EUTHANASIA AND THE BEGINNING OF MASS MURDER

I
n parallel with the regime’s measures against the Jews, from an early stage the National Socialists targeted individuals suffering from supposedly hereditary diseases as well as the mentally and physically handicapped. It was through the implementation of these policies that many of the individuals who later participated in the Holocaust became desensitised to and trained in mass murder. It could even be said that the measures introduced against the sick and disabled in the 1930s set the Third Reich on the route to the “final solution of the Jewish question” in the 1940s. SS personnel were involved from the start, although the euthanasia programme was officially the responsibility of Hitler’s private office, the
Kanzlei des Führers
(Führer Chancellery).

There is a sense in which National Socialism was “politics as applied biology.” The movement’s theorists genuinely believed that it might be possible to resolve social and political problems by biological means. The first manifestation of this ideology—and the model for German eugenic legislation thereafter—was the Sterilisation Law of July 1933. Eugenicists had been advocating the sterilisation of “inferior
and degenerate types” for decades, and proposals for voluntary sterilisation had already reached state legislatures in Germany. But the new law introduced a new element: compulsion. Its preamble read: “Any person suffering from a hereditary disease can be sterilised if medical knowledge indicates that his offspring will suffer from severe hereditary physical or mental damage.” The following conditions were classified as “hereditary” under the law:

1. Congenital feeblemindedness.

2. Schizophrenia.

3. Manic depression.

4. Epilepsy.

5. Huntington’s chorea.

6. Blindness.

7. Deafness.

8. Severe physical deformity.

9. Severe alcoholism.
1

The structure for enforcement was straightforward. If a person with one of these conditions did not voluntarily apply for sterilisation, it could be sought by health service doctors and directors of hospitals, care homes and prisons. A system of hereditary health courts was instituted, consisting of three members: a judge and two doctors. A more senior appeal court was structured in the same way.

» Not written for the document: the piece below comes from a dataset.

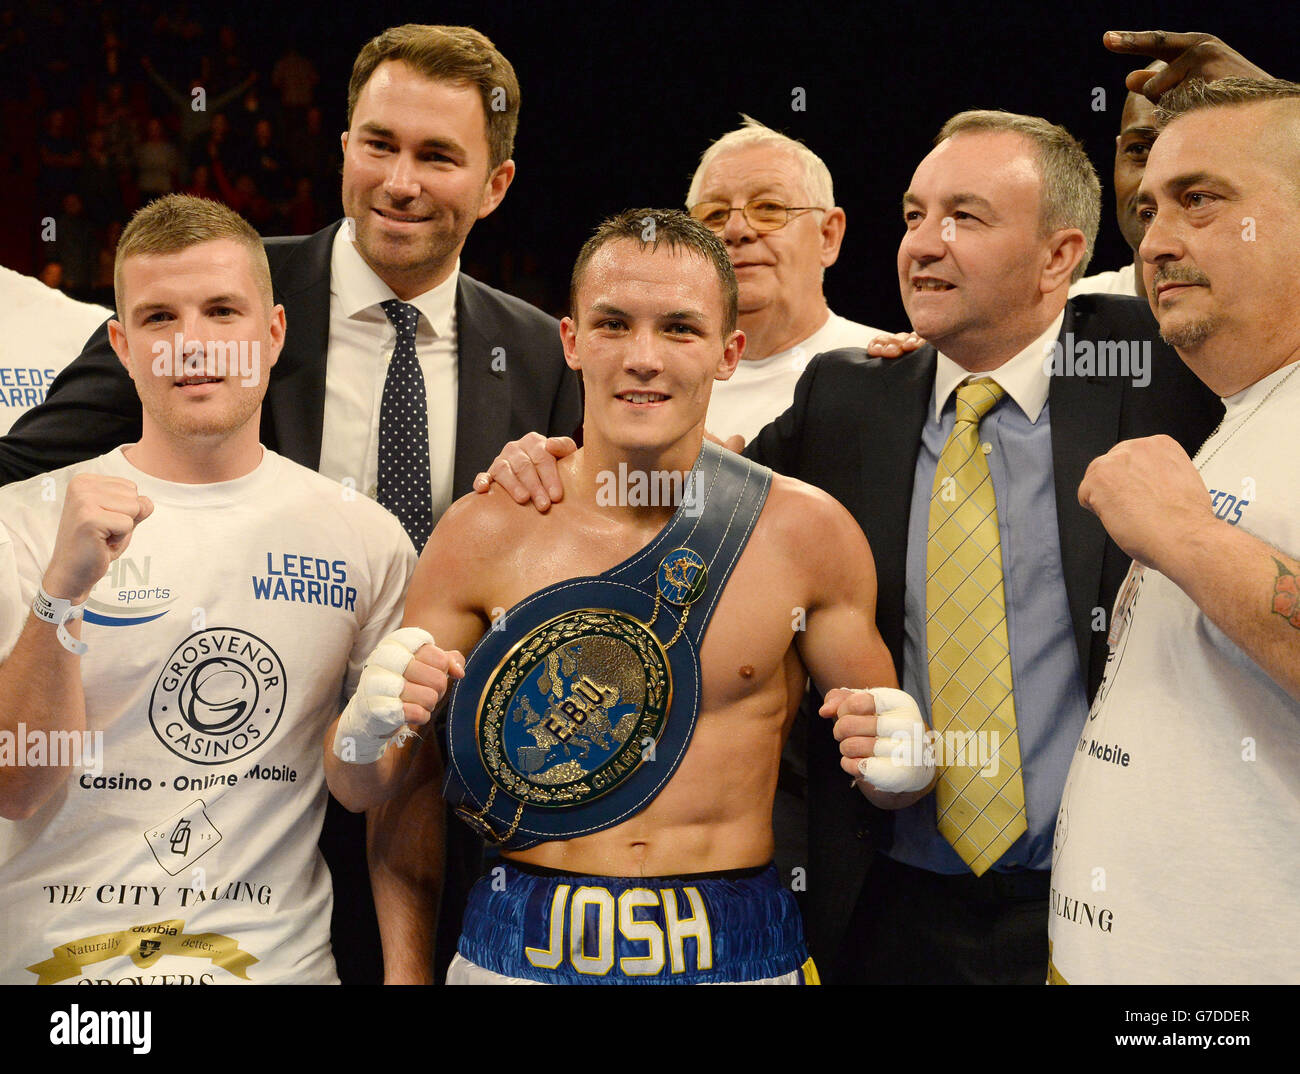 Josh Warrington (centre) celebrates after beating Davide Dieli in the European Featherweight title contest at the First Direct Arena, Leeds. Stock Photo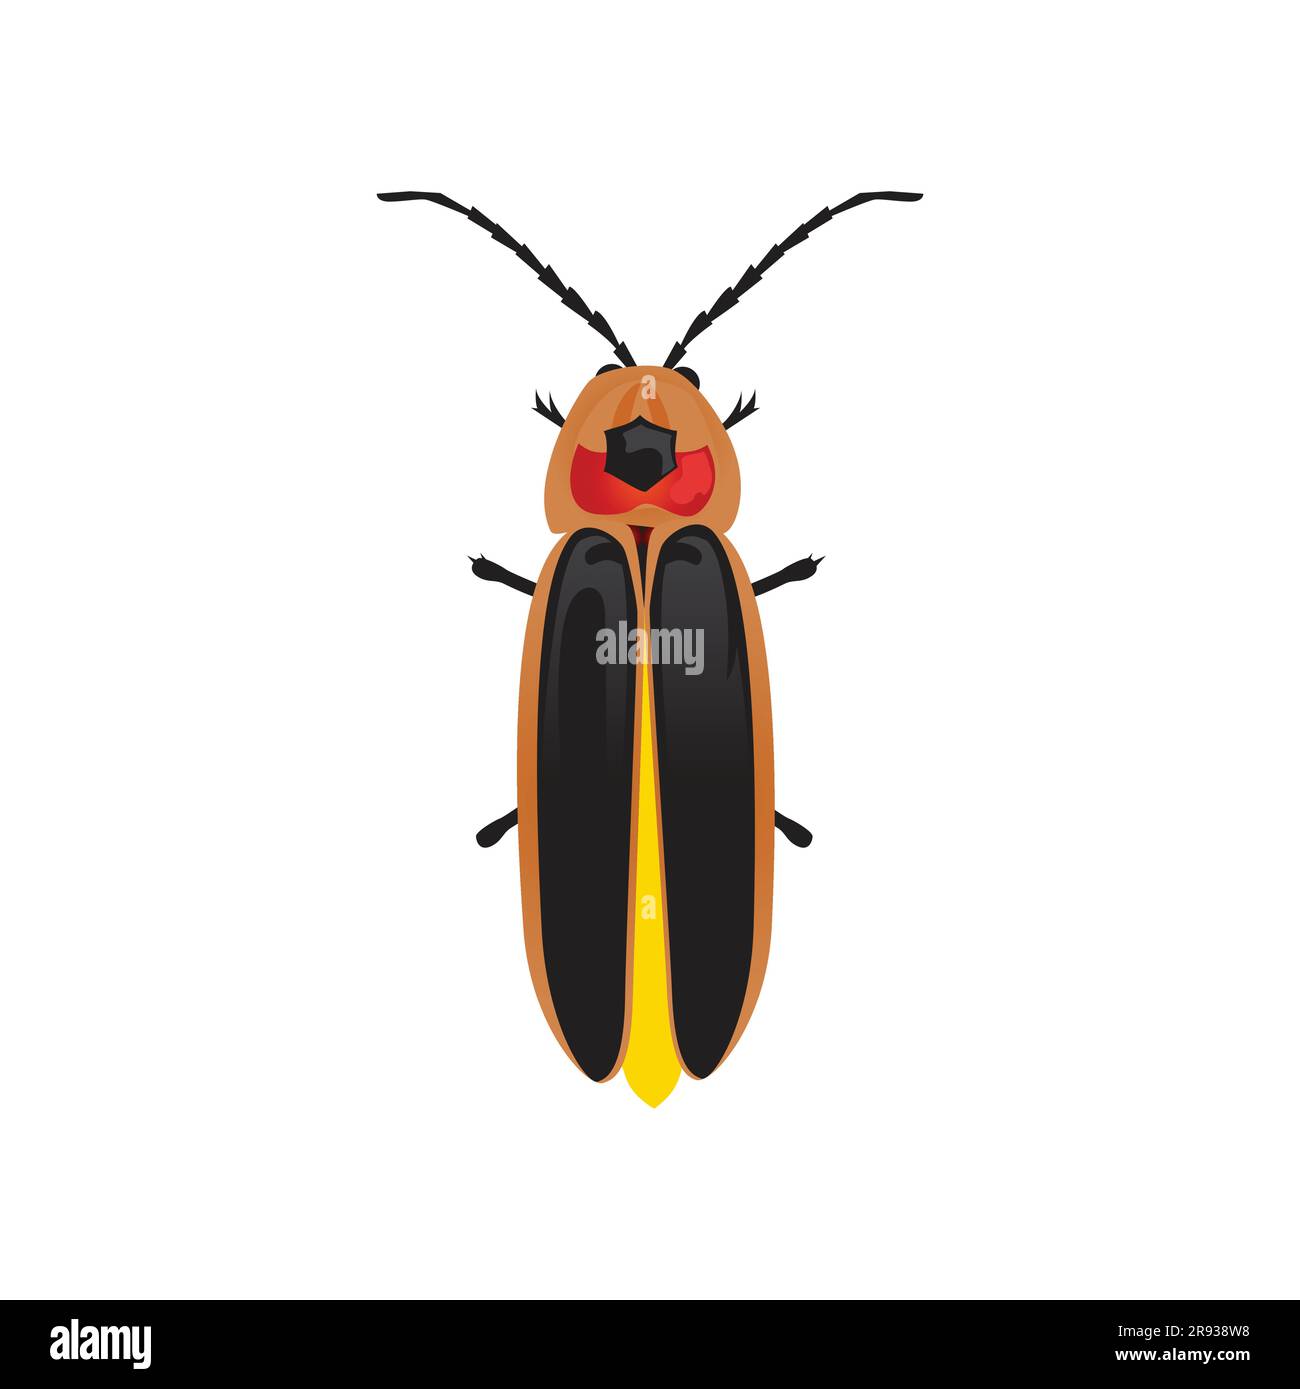 Firefly, Lampyridae Insect, Bug Insect, Bug Insect Illustrazione Vettoriale

In the first year in which sterilisation was in operation, some 388,400 people were reported to the hereditary health courts, 75 per cent of them by their own doctors. This was too much work for the courts to handle: just over 80,000 of these cases were reviewed, with 62,000 resulting in a sterilisation order. Of these people, just under half were actually sterilised (usually by vasectomy for men and Fallopian ligation for women) because of a lack of capacity in hospitals. It seems the system did not manage to clear the backlog even by 1939.
2
But this was not due to a lack of enthusiasm in the medical community:
on the whole, German doctors welcomed the sterilisation scheme. It gave them enhanced prestige as implementers of government policy as well as a much greater range of paid tasks to perform—such as filling out forms and giving evidence to hereditary health courts.

However, the “science” underpinning the Sterilisation Law was flimsy, at best:

The sterilisation measures could never have been successful: seen from a biological point of view, they are useless, absolutely nonsense, because they do not calculate spontaneous mutations, environmental poisons and things like that. So it was a measure that would never have led to real success even if they had practised it more harshly than they did.

So it was senseless from the beginning, but it was an important part and a kind of sign for the biological takeover that National Socialism was planning…They had more than 350,000 people sterilised between 1933 and 1945, so it was also a kind of discrimination against people who didn’t fit into the picture of National Socialist society. So everything else, looking bad, looking ill, looking strange, had to disappear.